You might consider looking for a technical co-founder. Someone you'll give something like 30% equity to, but no salary.

On to another issue:

You need to launch. Think about how this sounds from an investor's point of view: "I've worked on this project for several years alone. I think there are customers for it, but I've never launched it so I don't know if there are actually any customers for it. I'm running out of money..." I would not invest. You will have a lot of trouble finding investment. And if you do find investment, it will probably be on extremely unfavorable terms (giving up control, usually), because the investor will know/sense that you are desperate for the money (in order to have leverage in a negotiation, you have to be in a situation where the other party wants the deal equally or more than you want the deal). The attitude of "I've done the heavy lifting, and that's a bad thing?" is the wrong attitude, because heavy lifting is useless if it doesn't accomplish anything: as far as the investor knows, all the heavy lifting is useless and won't ever generate money.
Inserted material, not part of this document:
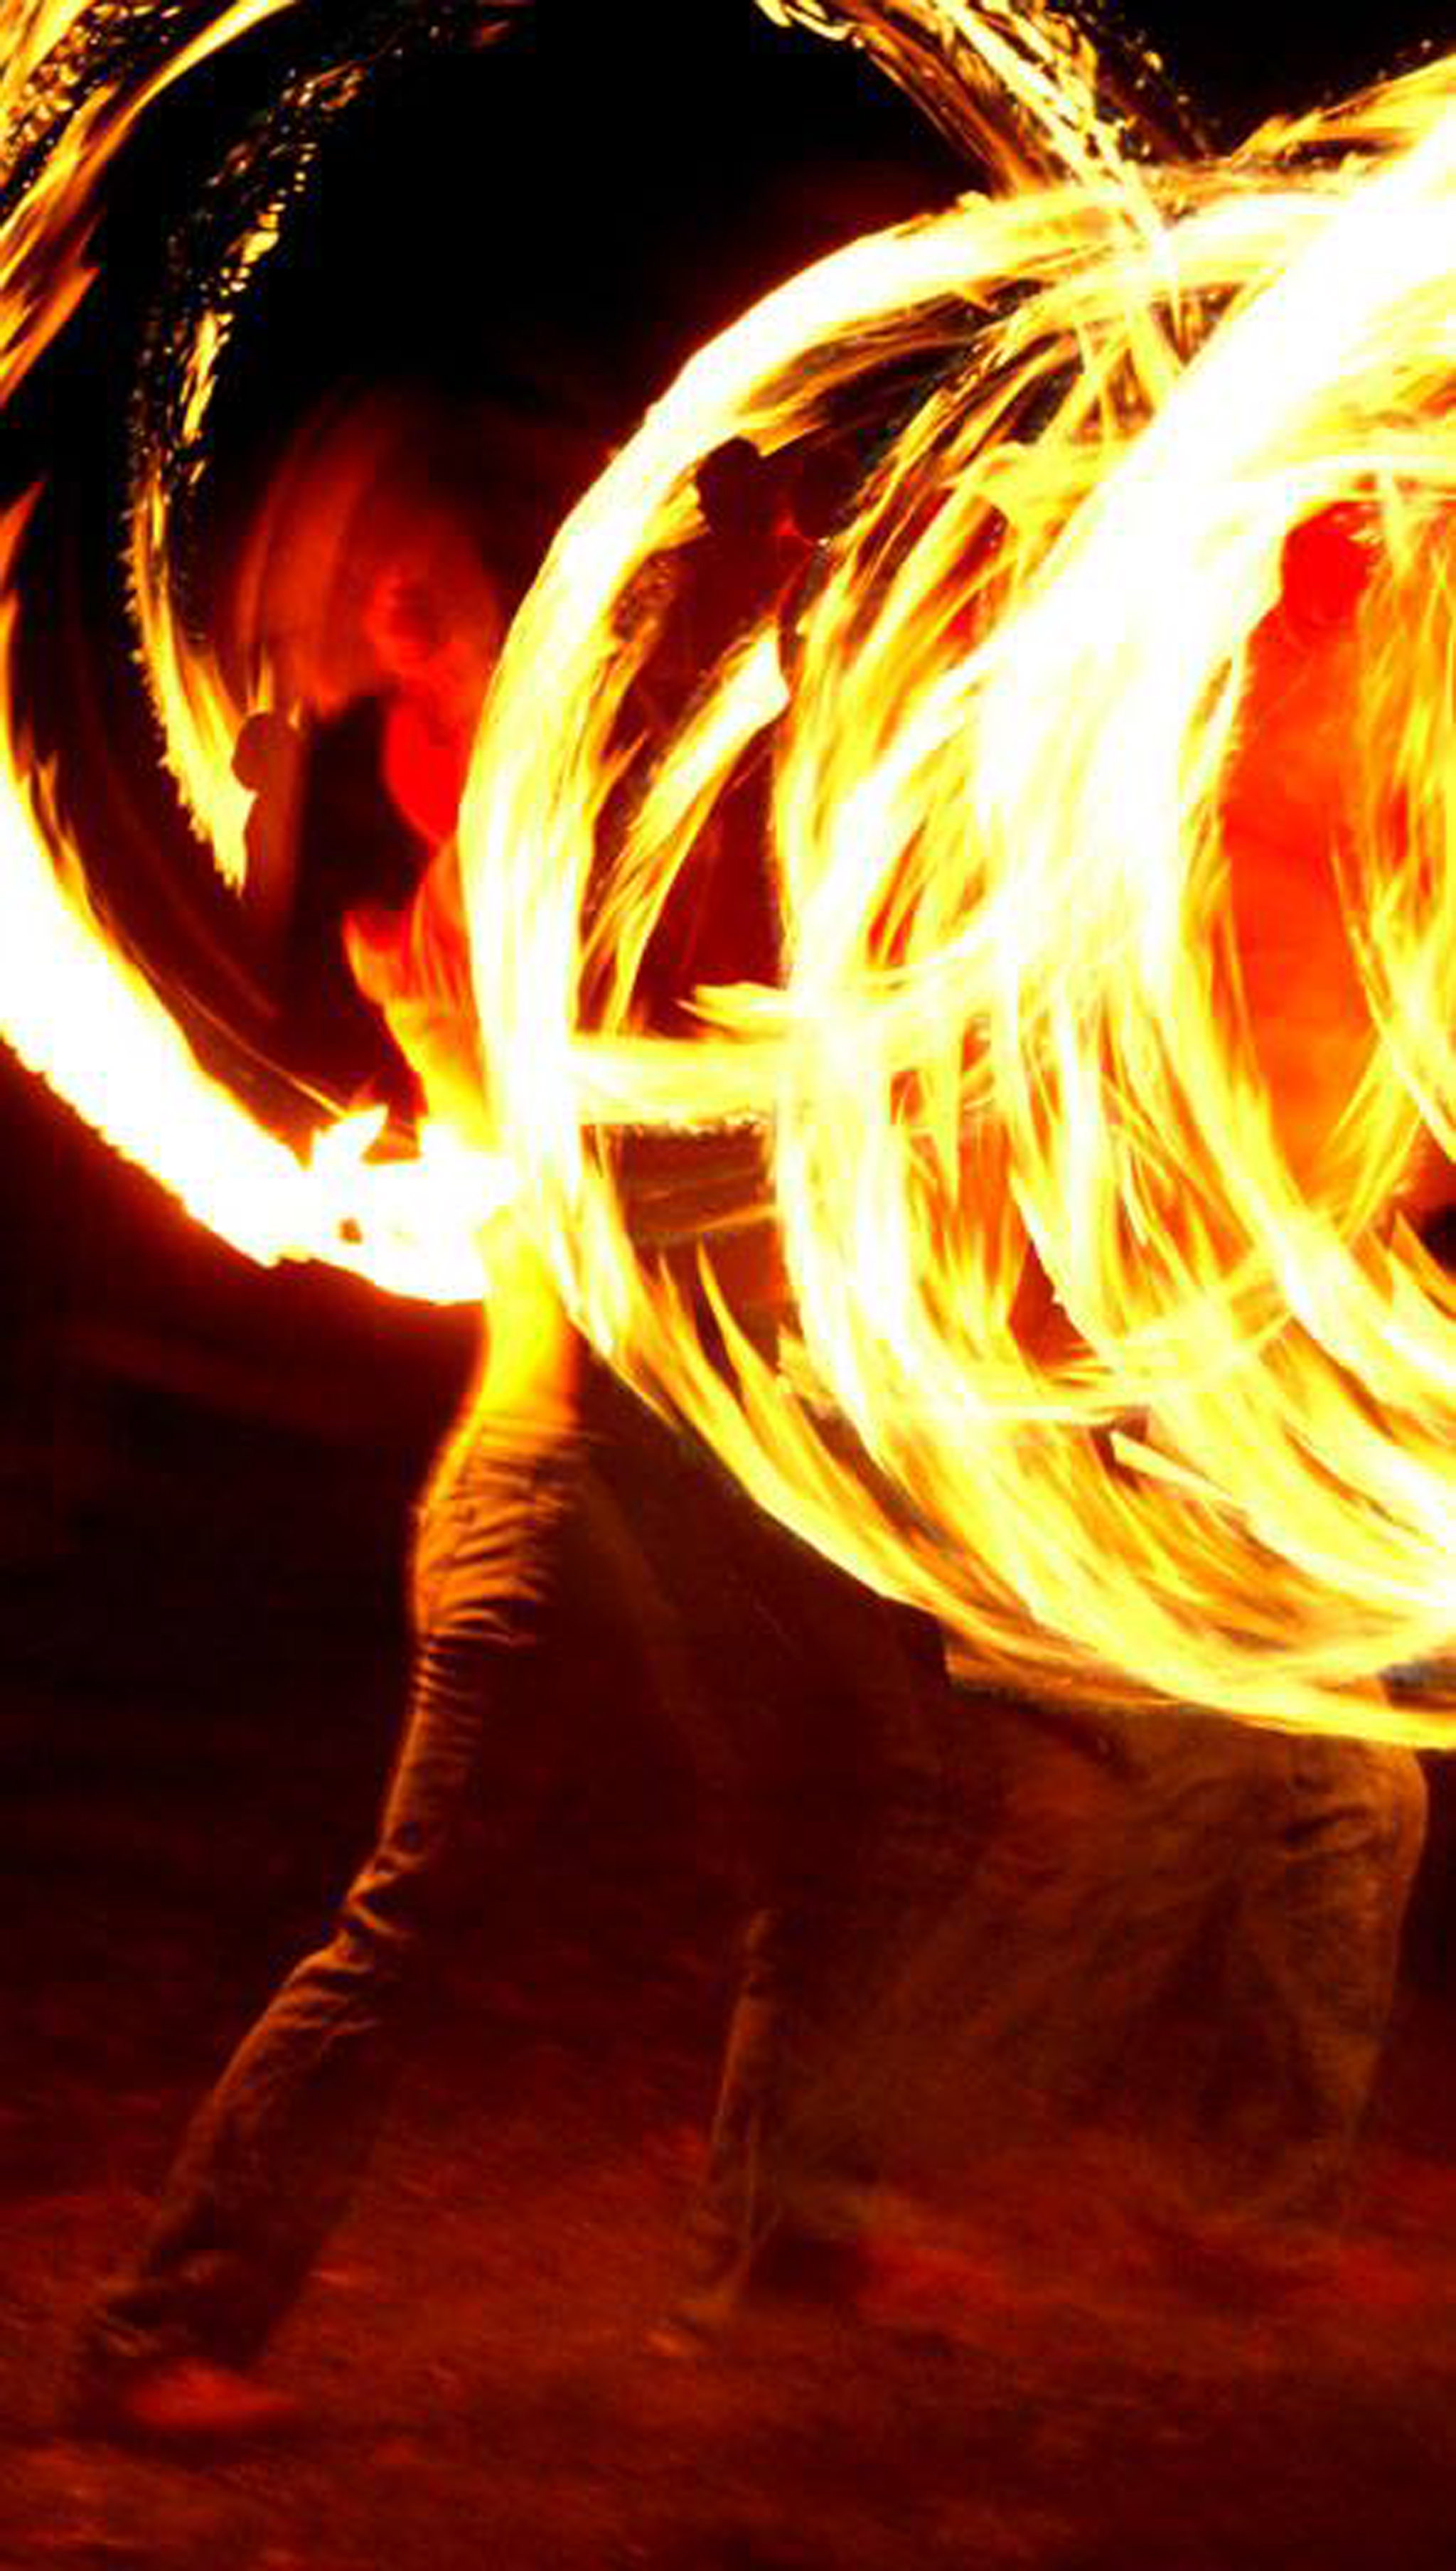 fire-lg.jpg

There are two reasons an investor will invest: 1) They believe in YOU, or 2) They believe in the product. You can fulfill criteria #1 by having social proof that demonstrates your brilliance (i.e. Harvard PhD, famous researcher), having a strong team with you of experienced programmers, or having experience starting profitable companies. Criteria #2 is NOT solved by having a great idea; it is only solved by having growth (users or revenue, doesn't matter as long as there is tangible growth).


I think it is time you launch your project. You are finding all kind of excuses before the product is even out. Launch it, have people here at HN help you beta test it. Show it in relevant forums. You either fail or you succeed.